I'm currently playing around with linear regression in R, and I've come up with a regression that fits data quite well. I'm just having some problems with interpreting the coefficients of my model. I know how to interpret log-log models in a simpler form, but when I have interactions I'm not quite sure how to interpret them.
Here's my output from R:
Call:
lm(formula = log(y) ~ log(x1) + x2 * log(x1) + x3 * log(x1) +
I(x3^2), data = Data)
Residuals:
Min 1Q Median 3Q Max
-0.56943 -0.12082 0.00012 0.11123 0.54579
Coefficients:
Estimate Std.
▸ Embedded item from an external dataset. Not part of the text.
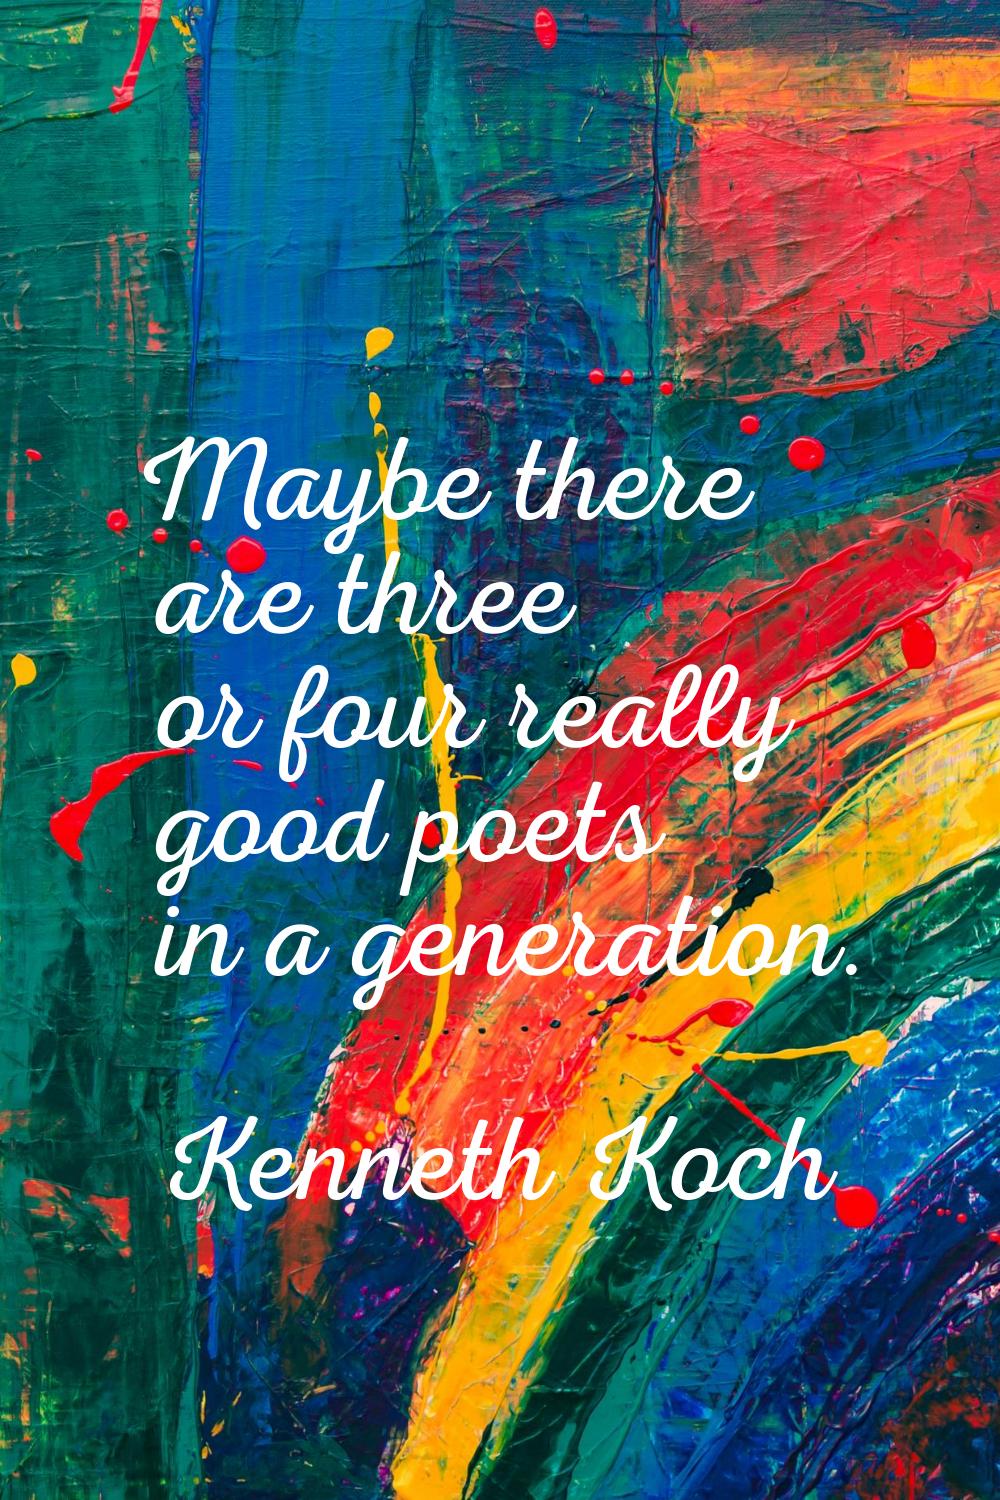 Maybe there are three or four really good poets in a generation.

Error t value Pr(>|t|)
(Intercept) -2.393889950 0.545879641 -4.385 0.000025149470154 ***
log(x1) 0.497477722 0.056113496 8.866 0.000000000000009 ***
x2 -0.000264760 0.000055476 -4.773 0.000005220020368 ***
x3 0.041126987 0.017930934 2.294 0.02357 *
I(x3^2) -0.000688879 0.000231778 -2.972 0.00358 **
log(x1):x2 0.000031580 0.000006691 4.720 0.000006494076511 ***
log(x1):x3 0.003145219 0.001277909 2.461 0.01528 *
---
Signif. codes: 0 ‘***’ 0.001 ‘**’ 0.01 ‘*’ 0.05 ‘.’ 0.1 ‘ ’ 1
Residual standard error: 0.1932 on 119 degrees of freedom
Multiple R-squared: 0.9865, Adjusted R-squared: 0.9859
F-statistic: 1454 on 6 and 119 DF, p-value: < 2.2e-16
I've been Googling for the past hour, but I can only find answers to some simpler models like the answer given here: Interpretation of log transformed predictor or http://www.ats.ucla.edu/stat/sas/faq/sas_interpret_log.htm
I hope someone out there can help me with interpreting the interaction terms and the polynomial term in my model.